Grenfell: Role at F&F or redundancy were only options after inquiry work ended

A solicitor made redundant after her work on the Grenfell Tower disaster ended has won a claim for unfair dismissal because her law firm did not properly consider another role for her.

Employment Judge Mark Emery in London found that London firm Bishop Lloyd & Jackson unreasonably failed to consider whether Maureen Uzoamaka Chigboh-Anyadi could be seconded to an associated practice.

She joined the firm in 2018 as a housing solicitor. She became part of the 10-strong team Bishop Lloyd set up to represent affected families at the Grenfell Tower disaster inquiry that began in May that year.

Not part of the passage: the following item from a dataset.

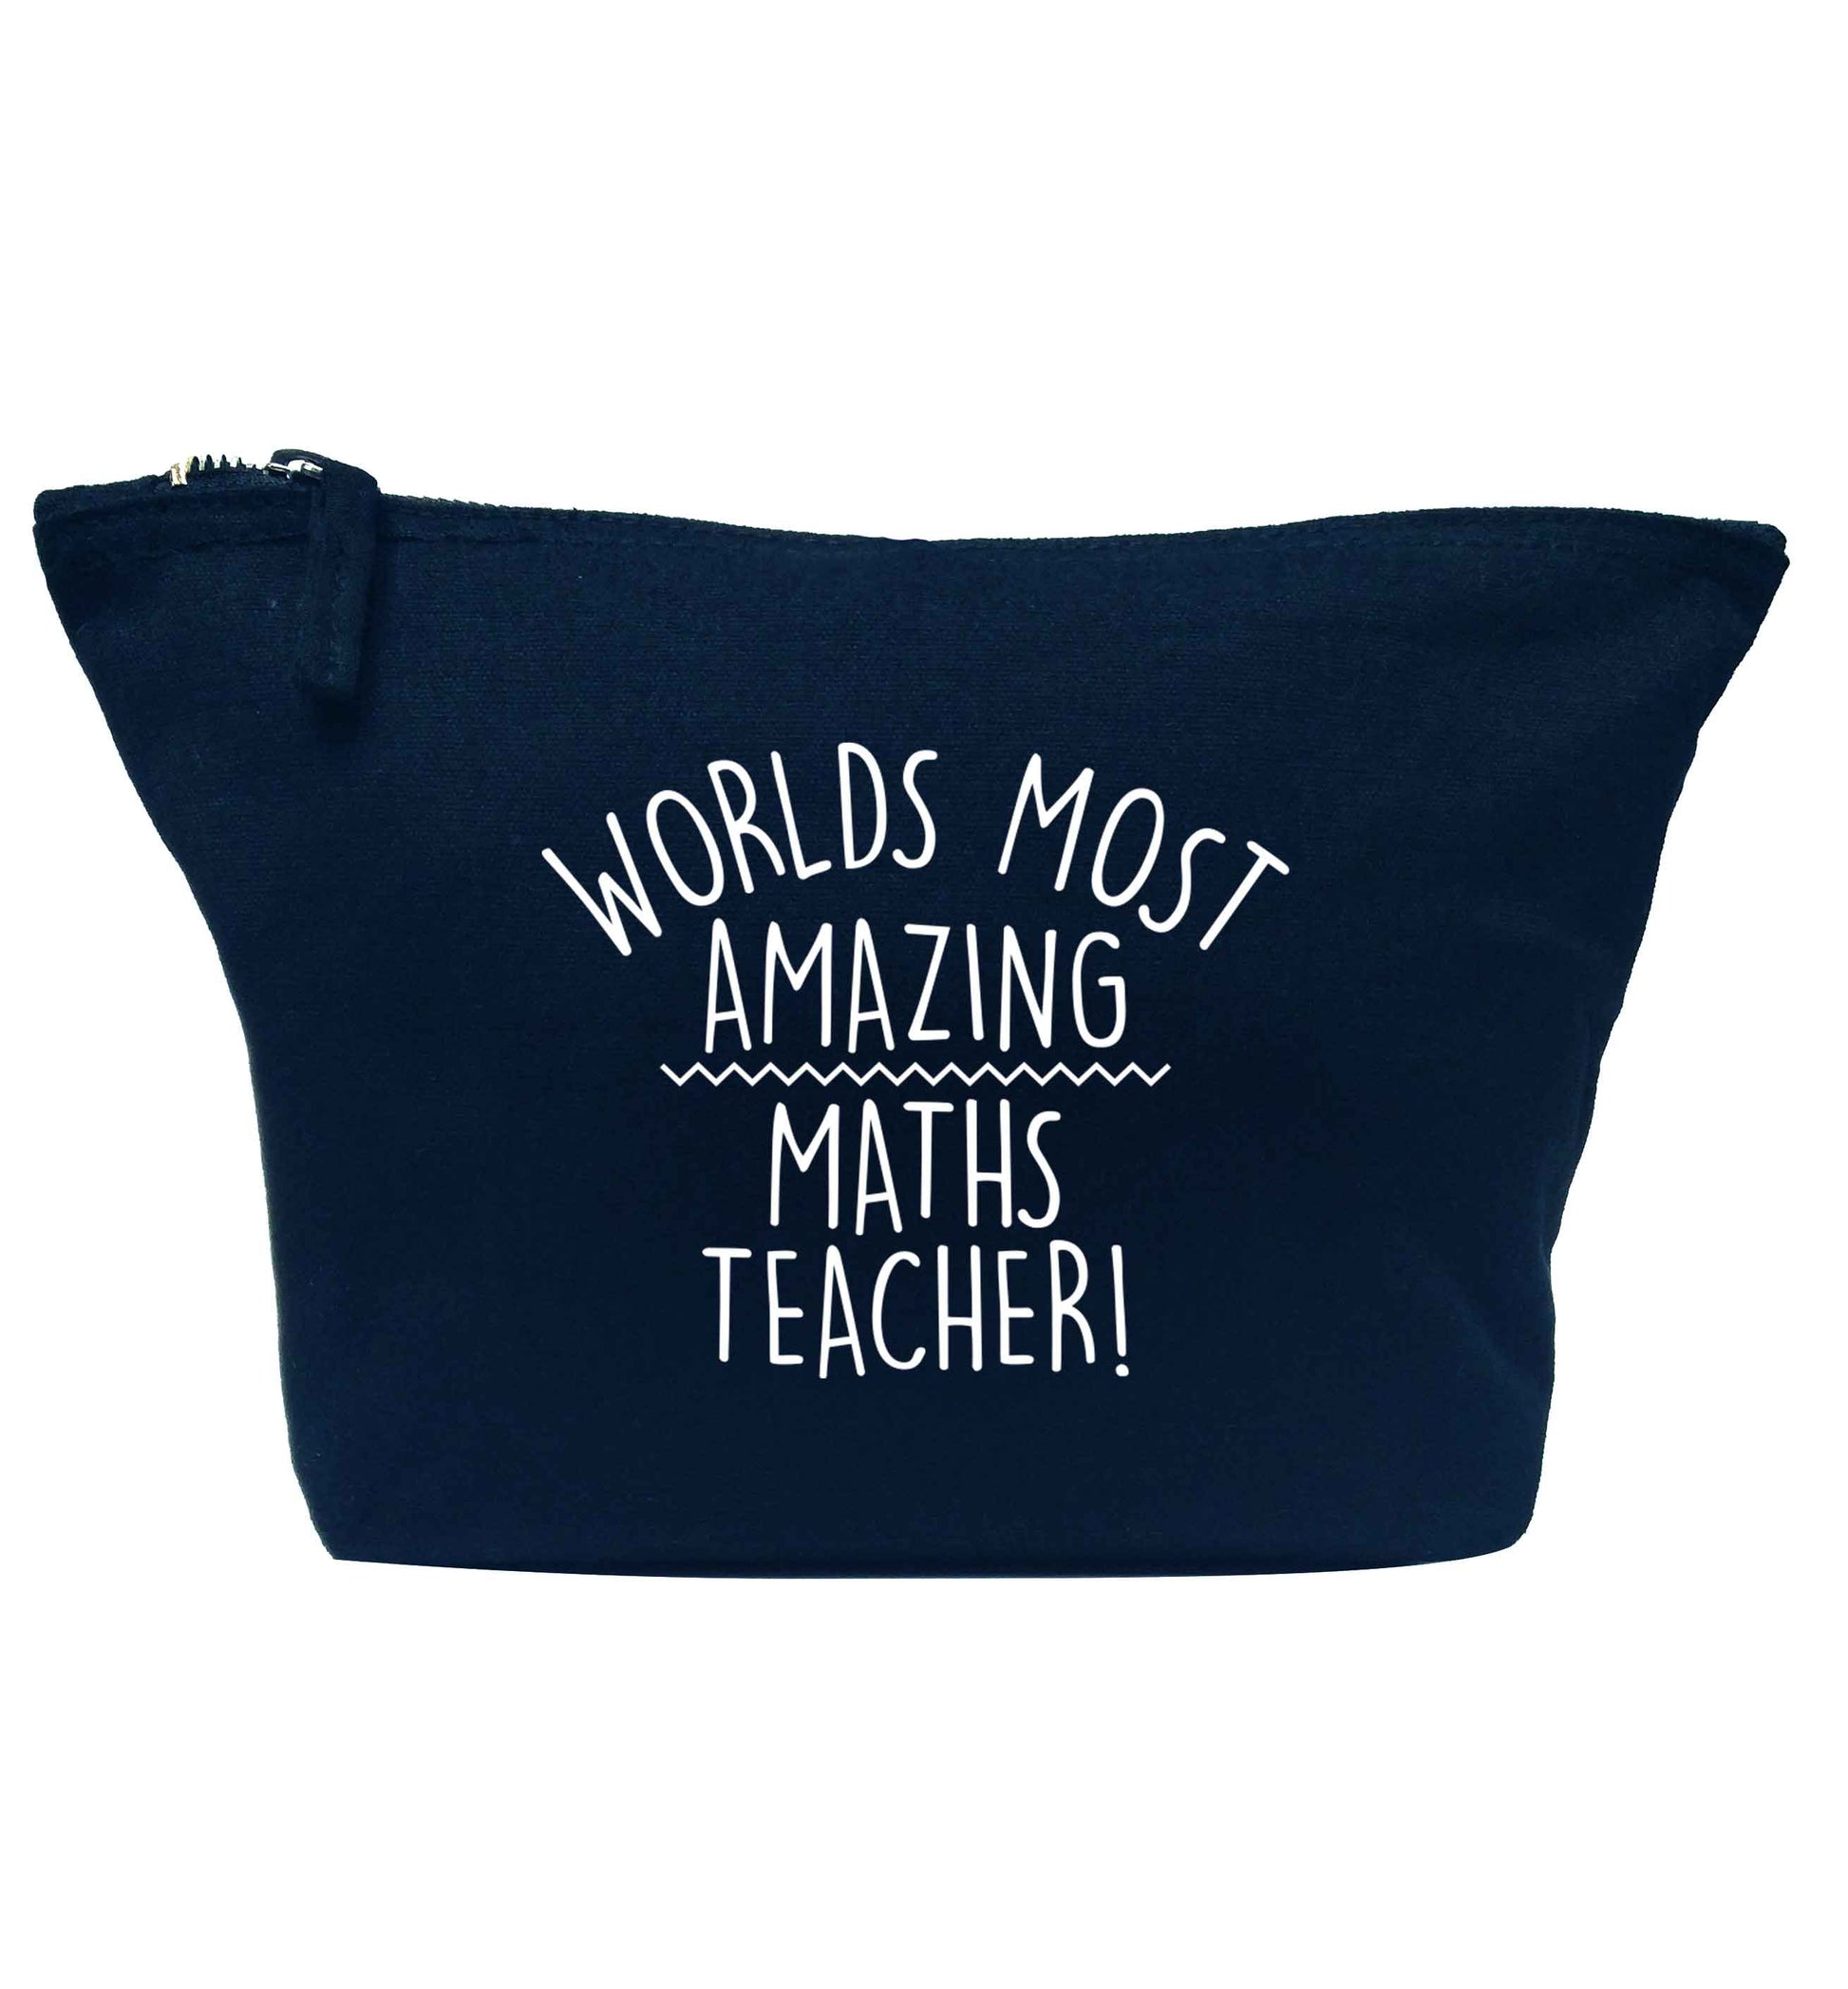 Worlds most amazing maths teacher navy makeup bag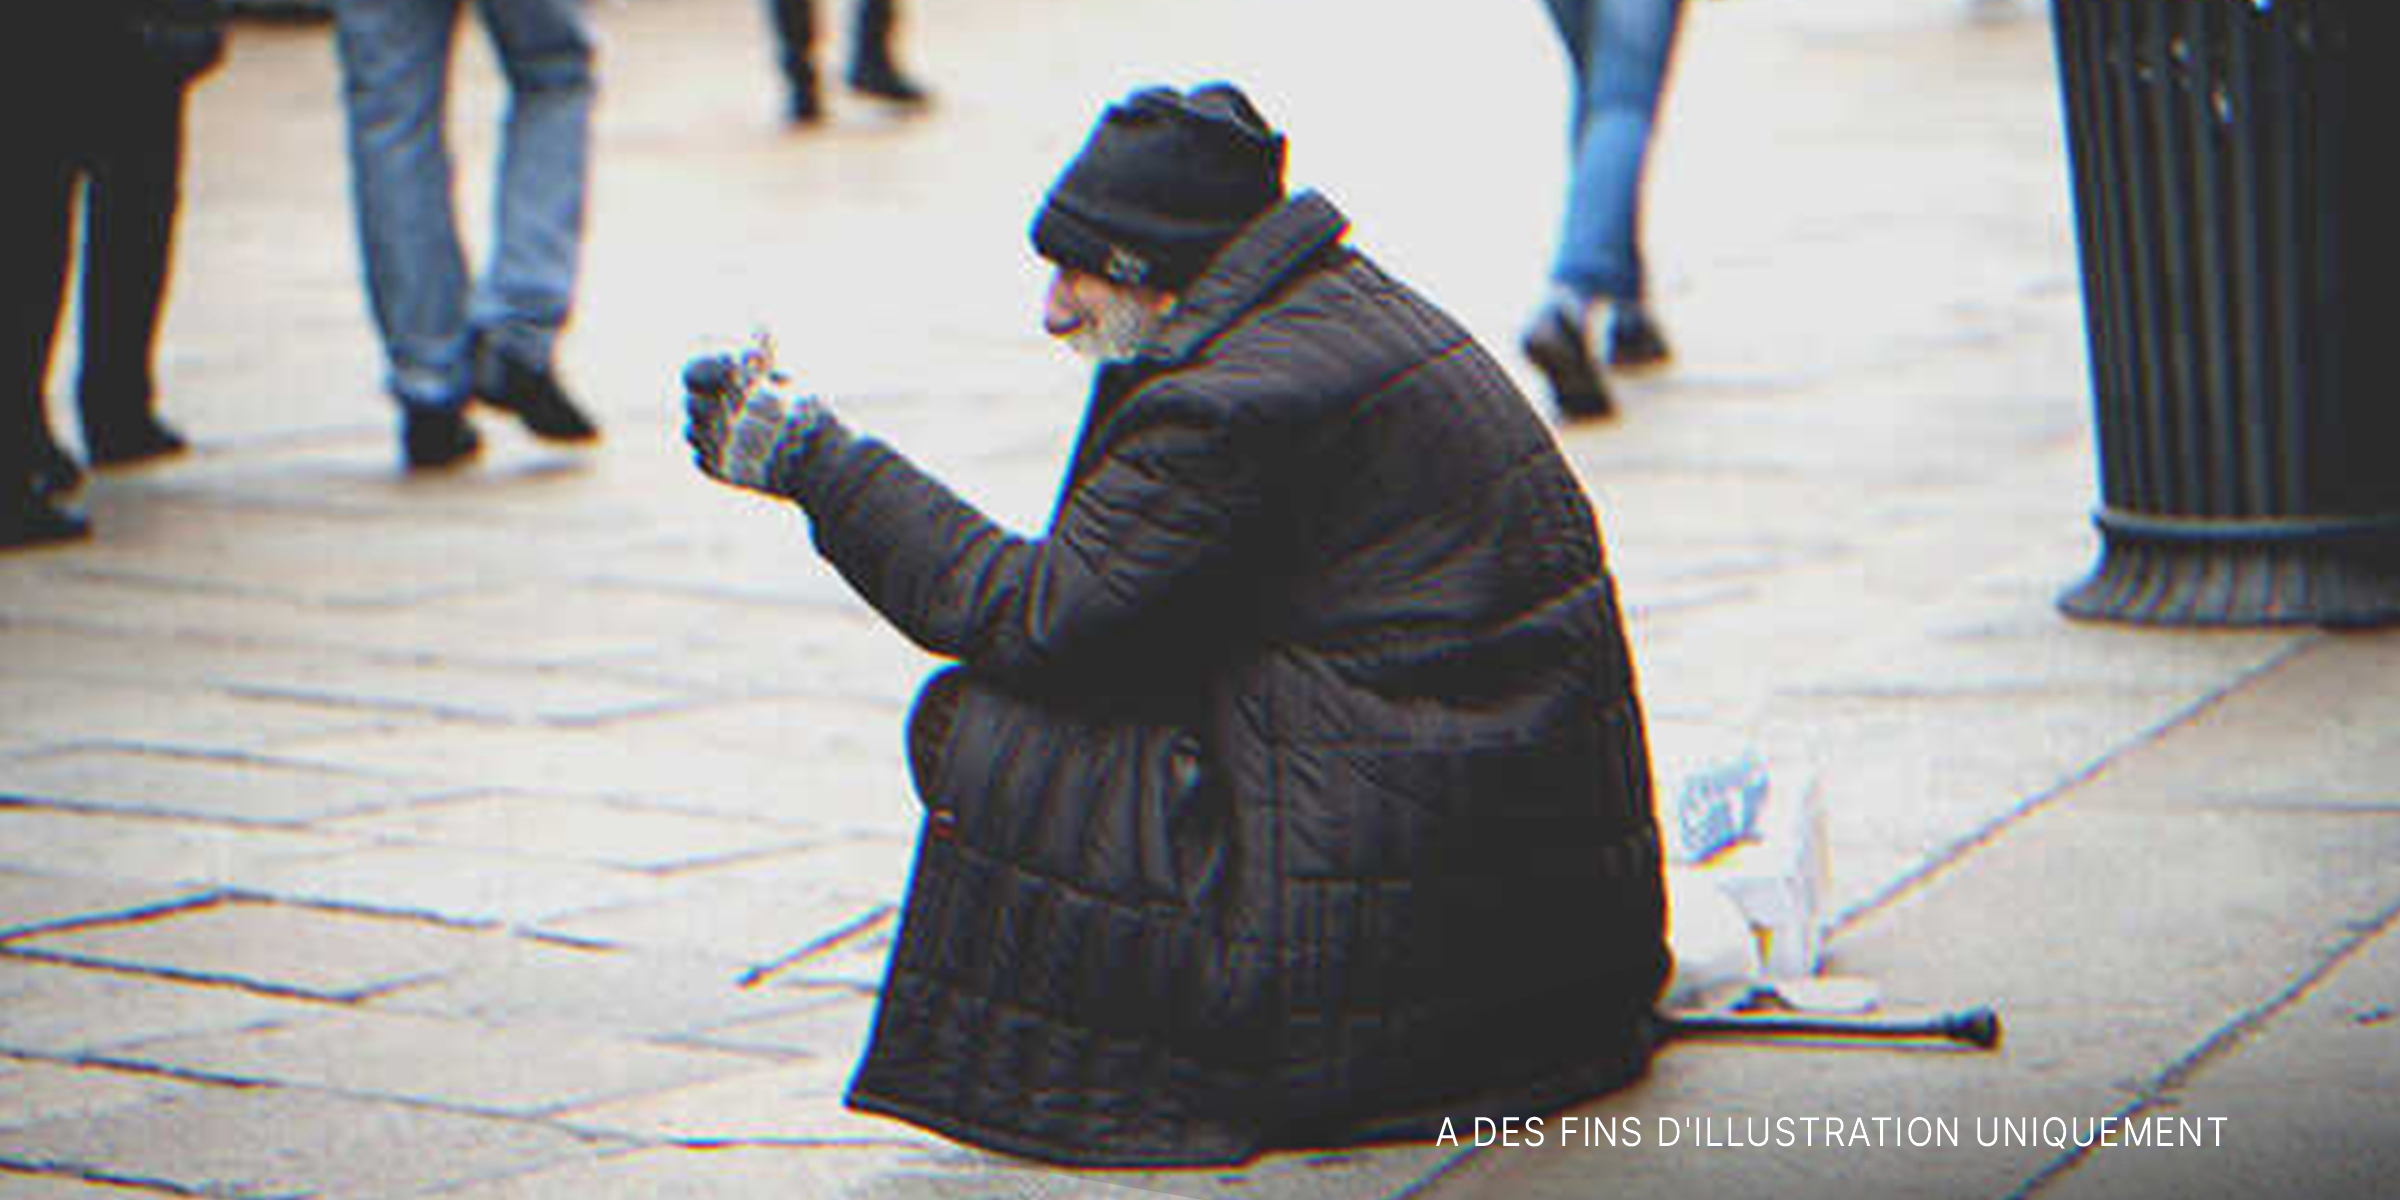 Un vieux mendiant assis dans la rue | Source : Shutterstock

Owner Jhanghir Mahmood bought another law firm, Foster & Foster (F&F), in November 2021. Its work was predominantly social welfare law, including housing, and he told staff that the aim of the deal was to protect jobs once the Grenfell work finished.

Judge Emery said that, by late 2022, F&F had not grown as fast as Mr Mahmood would have liked.

The Grenfell work came to end in autumn 2022; the team had been aware it would be disbanded and, in the absence of alternative work, this would involve redundancies.

Ms Chigboh-Anyadi met Mr Mahmood on 4 October, with no advance notice that it was a redundancy consultation meeting. No notes were taken at the meeting, which the judge criticised, and what was said was disputed.

Judge Emery accepted that the “only realistic options available” for Ms Chigboh-Anyadi were redundancy – which is what happened – or a possible transfer or secondment to F&F.

The judge rejected Mr Mahmood’s “repeated” suggestion that the solicitor expressed no interest in a housing role at F&F. She did raise it at the meeting, he found, but Mr Mahmood’s approach “indicated he was not interested in progressing this as an option”.

“At no time was proper consideration given to an alternative role on secondment at F&F”, the judge said, and this was “outside the range of reasonable responses”.

“In any fair process, where the aim is to avoid redundancies, it is for the employer to assess whether such a role was available and feasible and if so inform her, and if not explain why. In his evidence Mr Mahmood accepted this role may have been an option. This exercise was not undertaken.”

Ms Chigboh-Anyadi appealed and Judge Emery found that Mr Mahmood handing it himself was unreasonable too.

“There was at least one other senior manager who could have handled the appeal, and I did not accept Mr Mahmood’s evidence that her lack of experience of inquiry work meant she could not determine the appeal.”

The judge estimated an 85% chance that a proper consultation would have led to Ms Chigboh-Anyadi being seconded to F&F, although the role would have been on a part-time basis and on a lesser salary given that, initially at least, it would have been a more junior post.

Remedy is to be decided at a separate hearing.